The prepuce is released from the glans and dragged out in front of the glans in this technique. A pair of strong locking forceps are clamped over it, parallel to the corona and just in front of the glans. The prepuce is removed flush to the forceps with the knife. The forceps shield the glans, which is analogous to the guillotine approach. The frenulum is not cut during this procedure, however, it can be removed before or after circumcision if needed.

Dorsal Slit

Many procedures involve the dorsal slit, which is sometimes used alone, especially in the presence of acute inflammation. Both phimosis and paraphimosis are prevented by the dorsal slit. The prepuce is released from adhesion glans, and a 12 o’clock slitting of both layers of the prepuce is done to a few millimeters of the corona with the help of artery forceps inserted at 10 and 1 o’clock.  Many other circumcision techniques necessitate a dorsal slice to enlarge the outer preputial ring first.

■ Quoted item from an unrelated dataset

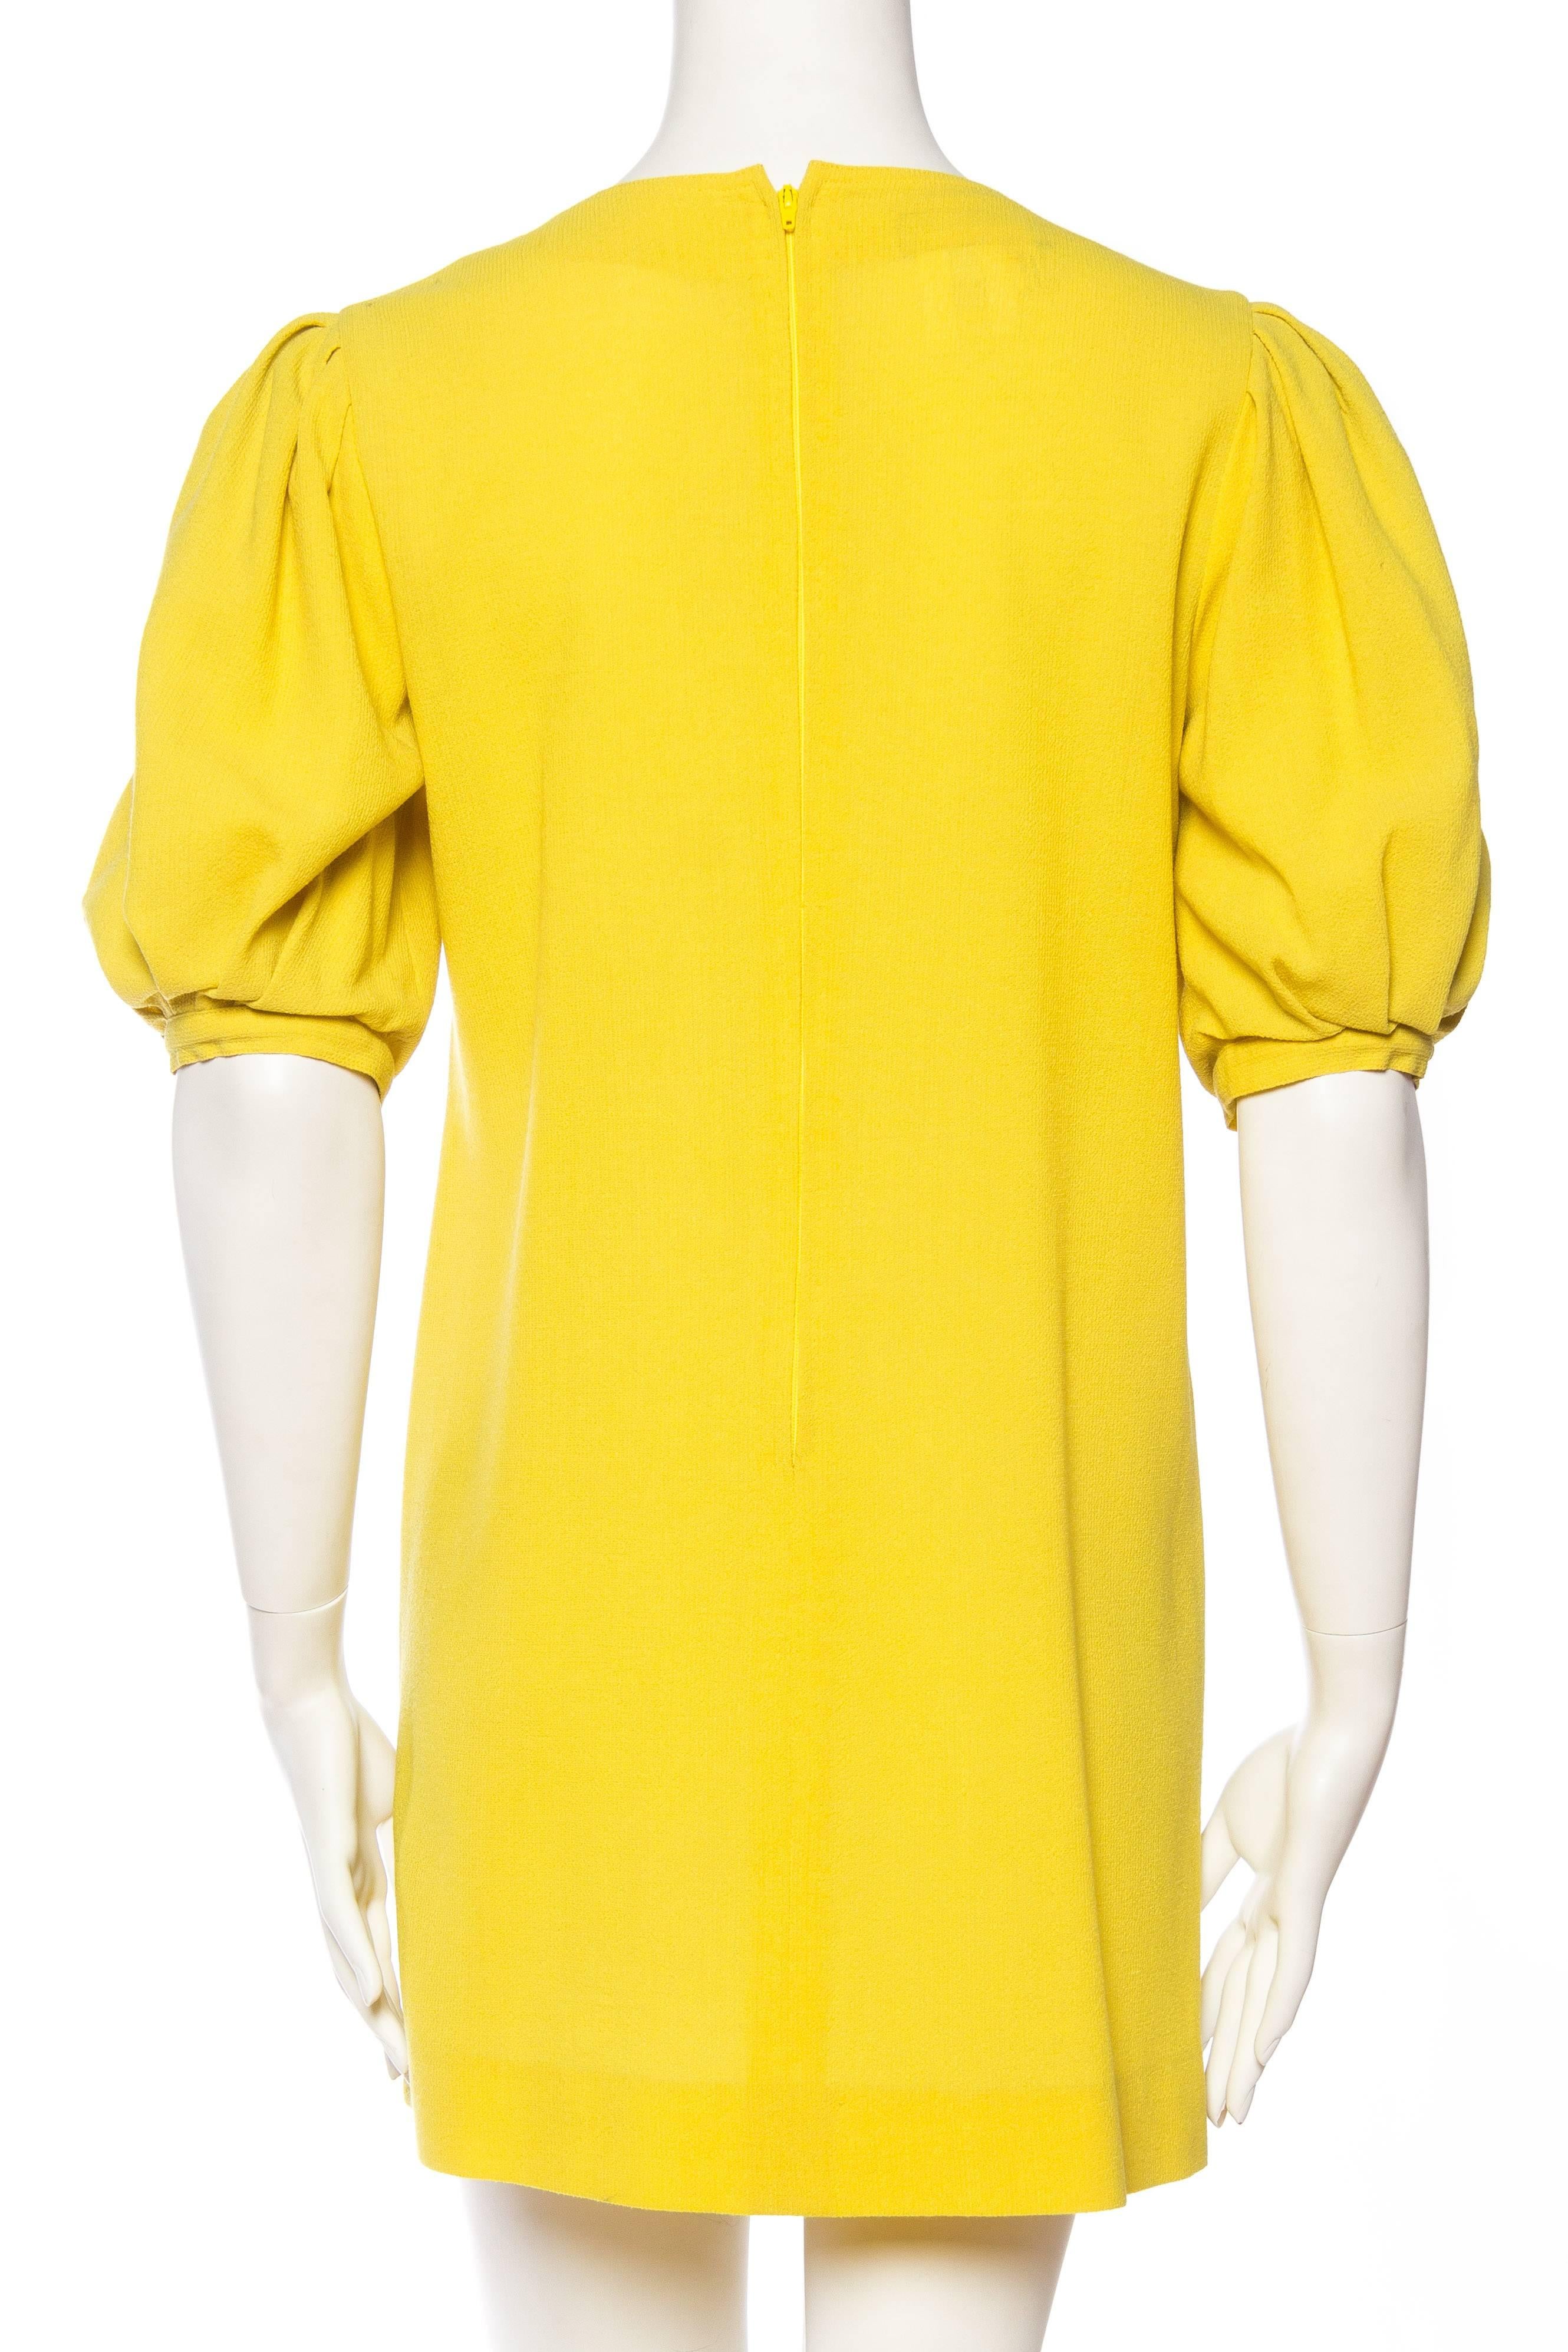 Jean Muir Lightweight Mod Yellow Dress 2
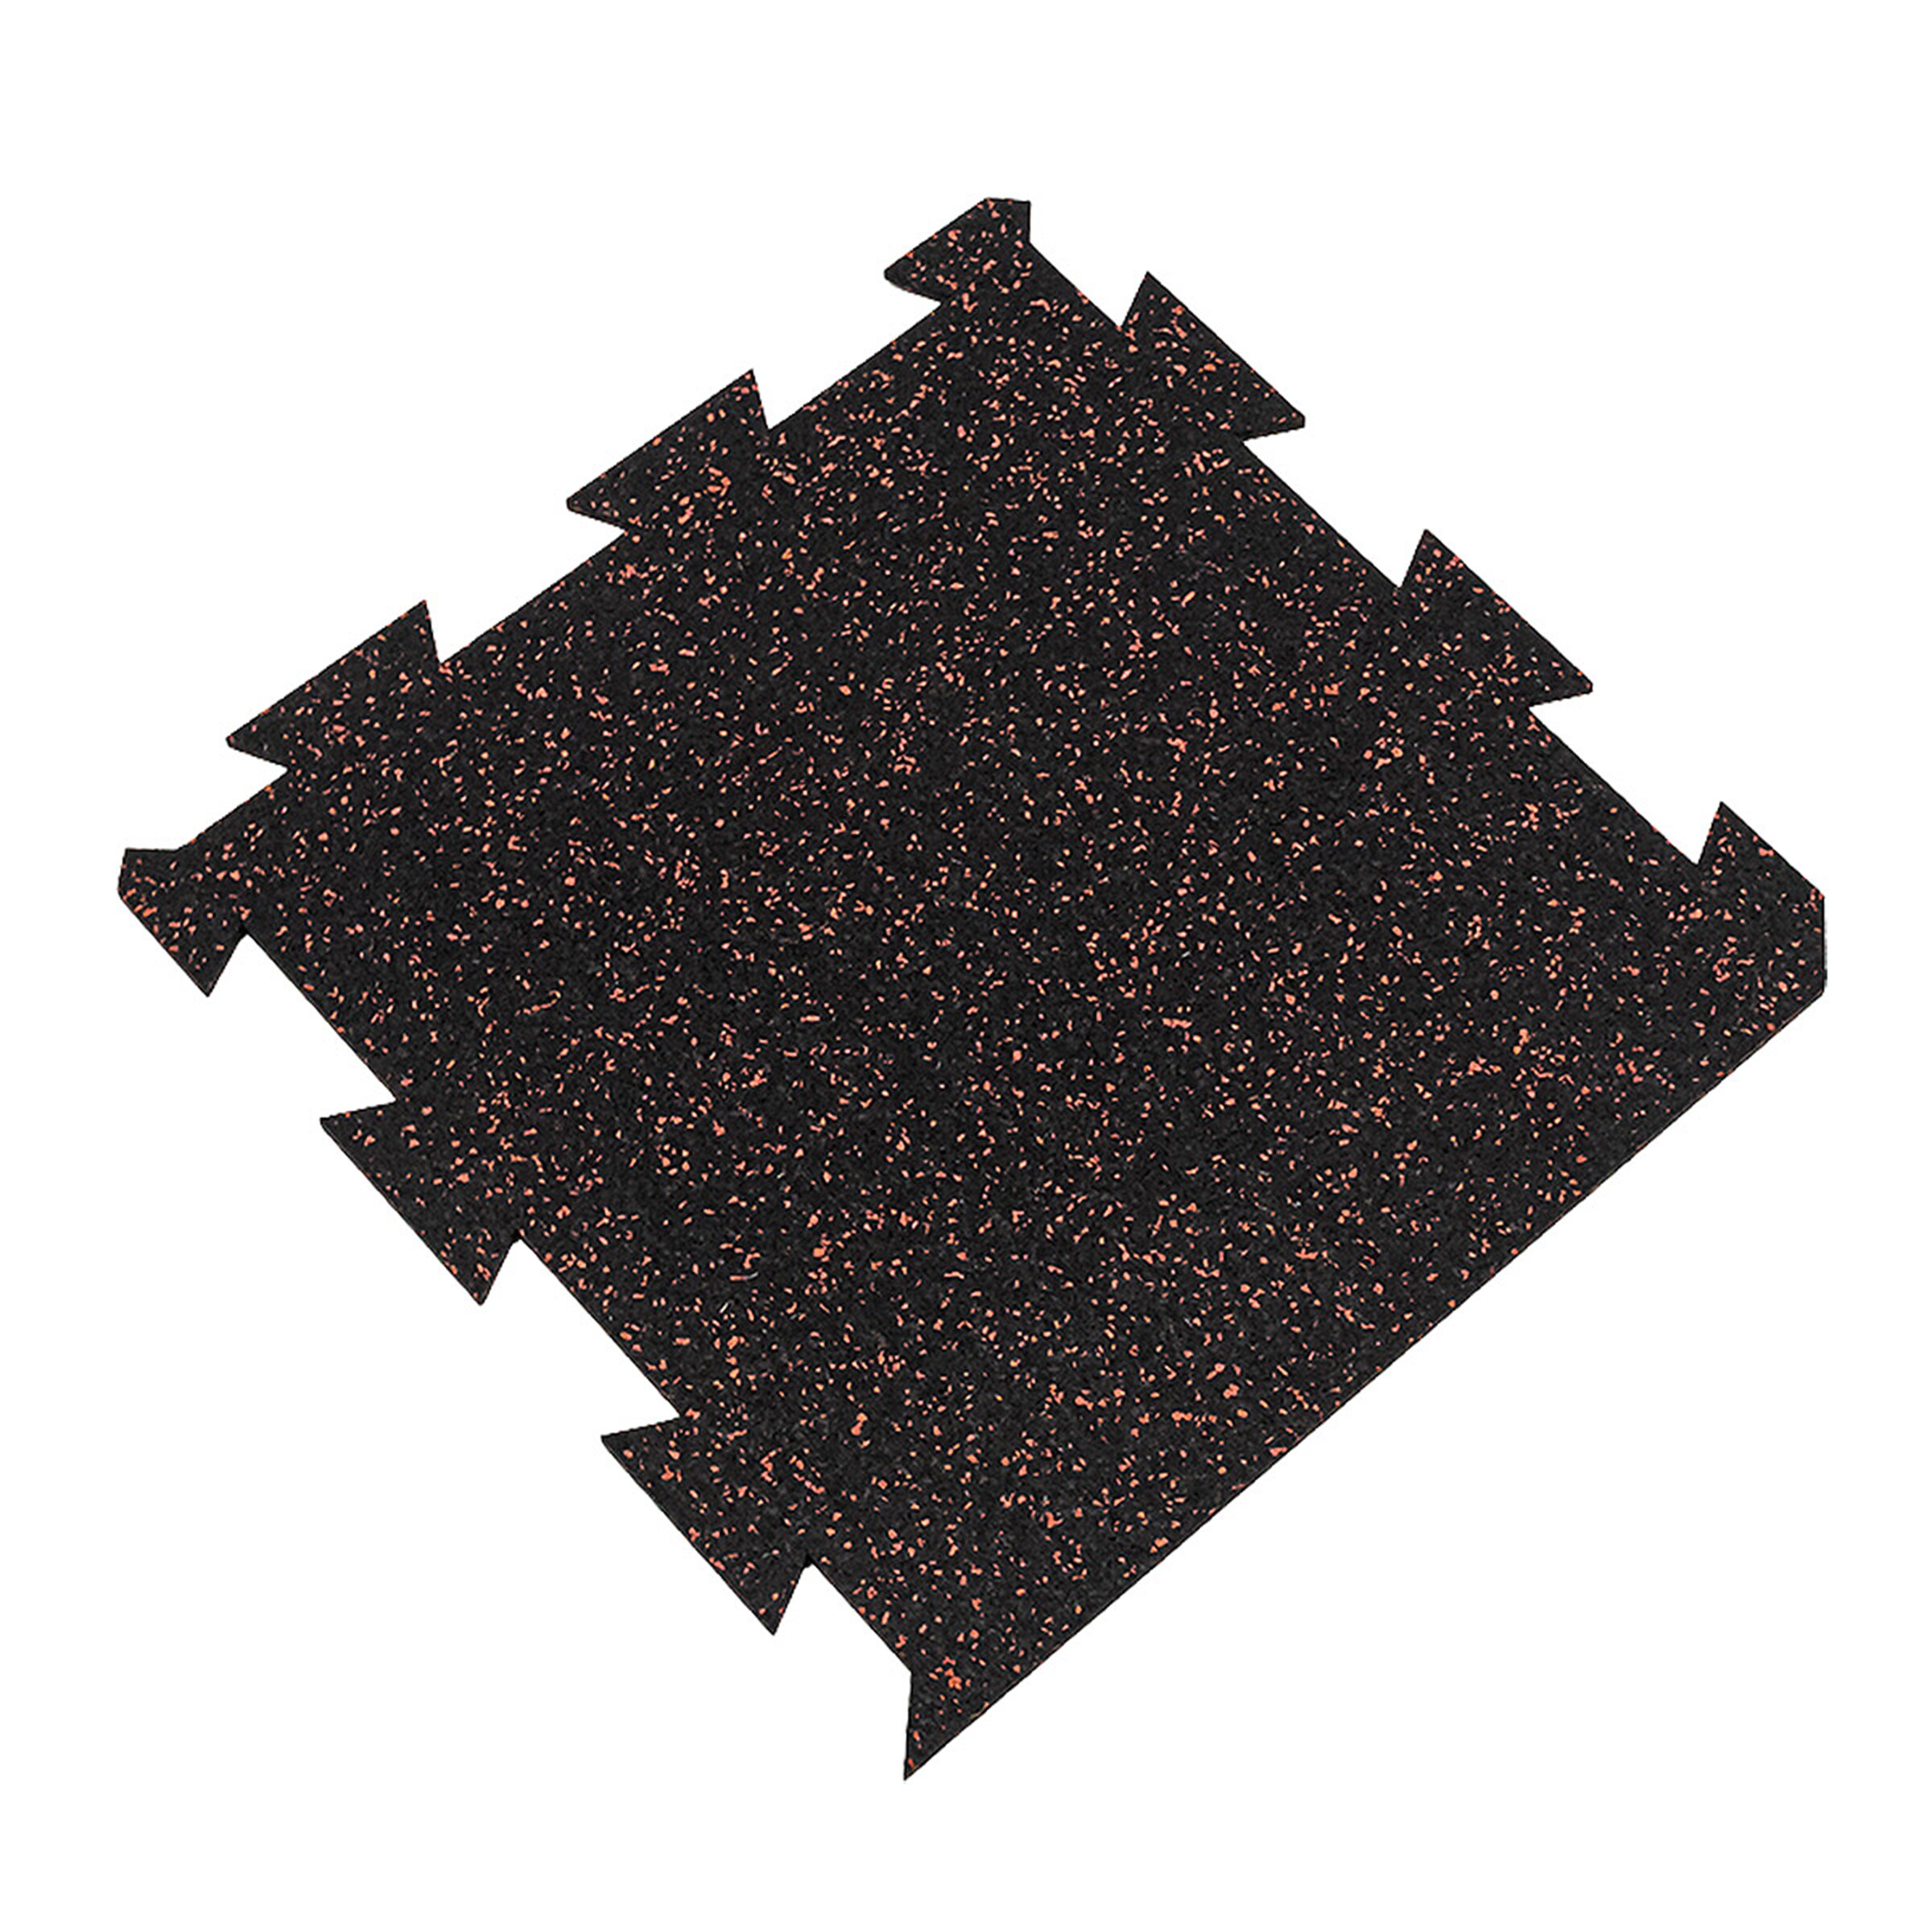 Černo-červená gumová puzzle modulová dlaždice (okraj) FLOMA SF1050 FitFlo - délka 50 cm, šířka 50 cm, výška 0,8 cm

Performing a dorsal slit without excising the prepuce is usually unattractive from a cosmetic standpoint.

Excision Sleeve Resection

The prepuce is retracted over the glans penis, and a circumferential incision is made around the shaft, usually distal to the corona, as far back as the scar line is to be placed. The prepuce is replaced to cover the glans, and a second circular incision around the shaft is performed in the same location as the first. The strip of skin is removed after a longitudinal cut is made between the two circumferential ones. After that, the free raw edges are sutured. The frenulum can be cut as part of the main incision or separately if desired. The glans and frenulum are not protected in any way and must be avoided at all costs.